RAW DATA: Begin

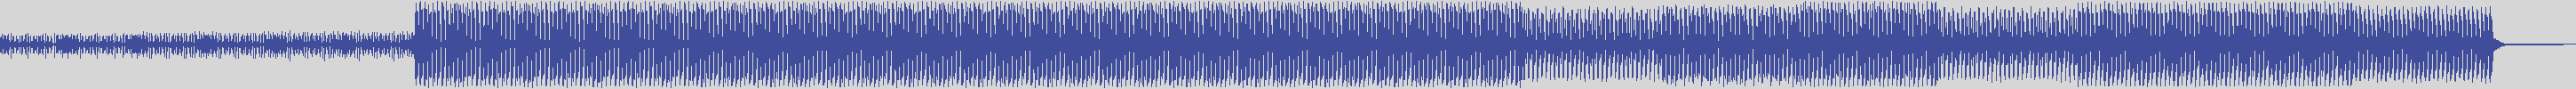 nf_boyz_records [NFY055] Eddy Carter - Understand [Tribal Mix] audio wave form
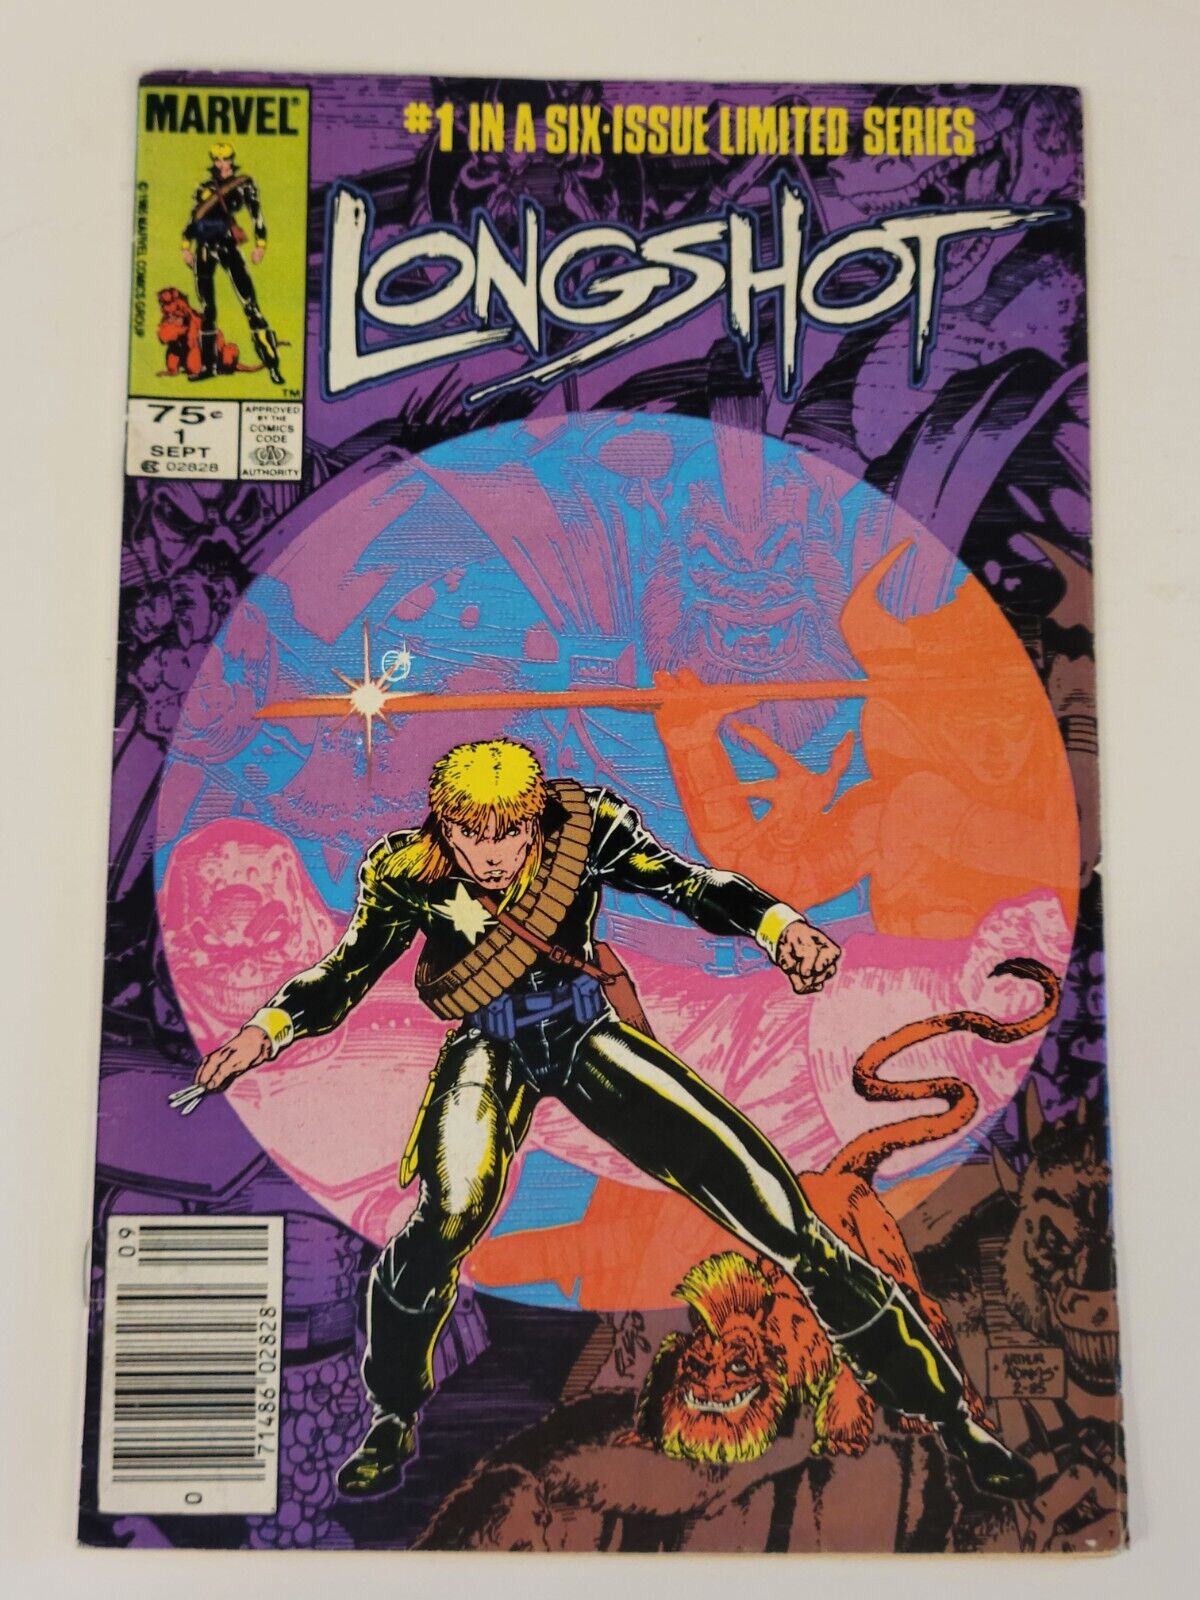 LONGSHOT #1 - Newsstand Edition - 1st App of Longshot - Marvel Comics - SEP 1985
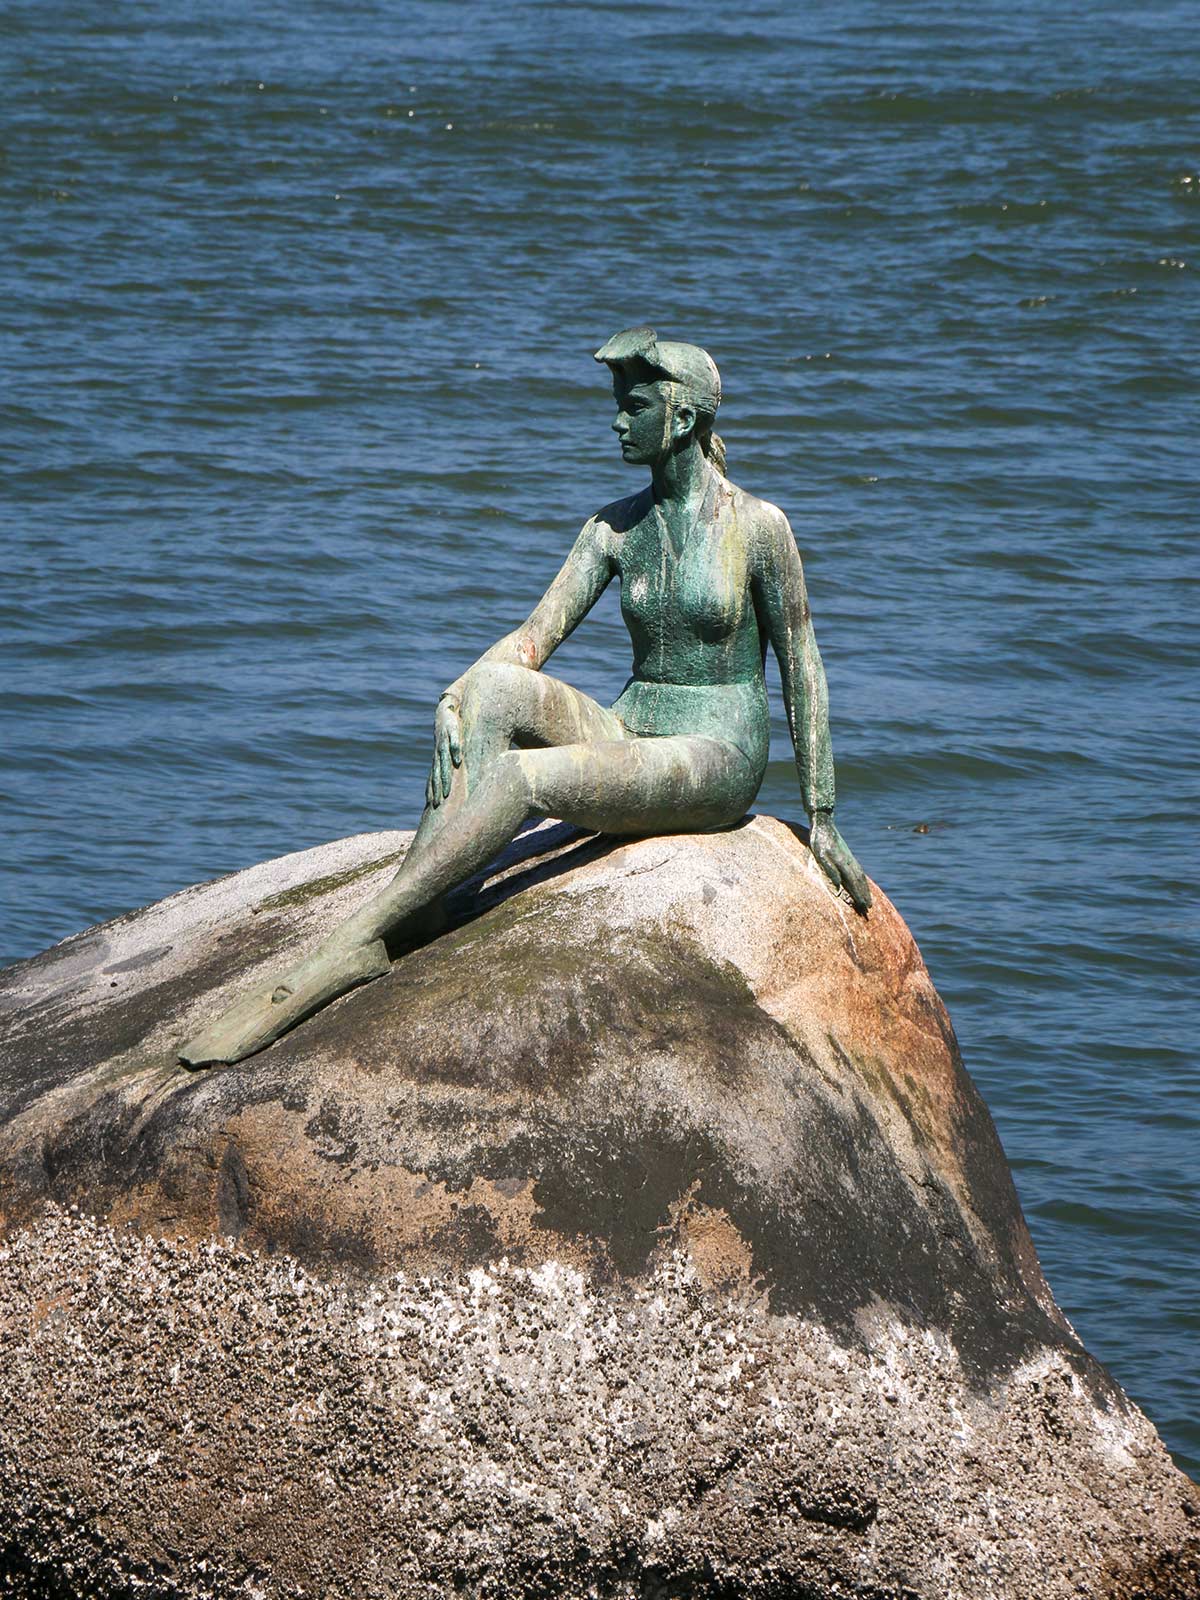 Statue de la fille en maillot, Seawall, Parc Stanley, Vancouver, Colombie-Britannique, Canada / Girl in a Wetsuit Statue, Seawall, Stanley Park, Vancouver, BC, Canada

RAW DATA: End

# WHAT YOU NEED TO DO:
All of the material above should be reproduced exactly, except the pictures.

# TASK ANSWER:
 nf_boyz_records [NFY055] Eddy Carter - Understand [Tribal Mix] audio wave form
 LONGSHOT #1 - Newsstand Edition - 1st App of Longshot - Marvel Comics - SEP 1985
 Statue de la fille en maillot, Seawall, Parc Stanley, Vancouver, Colombie-Britannique, Canada / Girl in a Wetsuit Statue, Seawall, Stanley Park, Vancouver, BC, Canada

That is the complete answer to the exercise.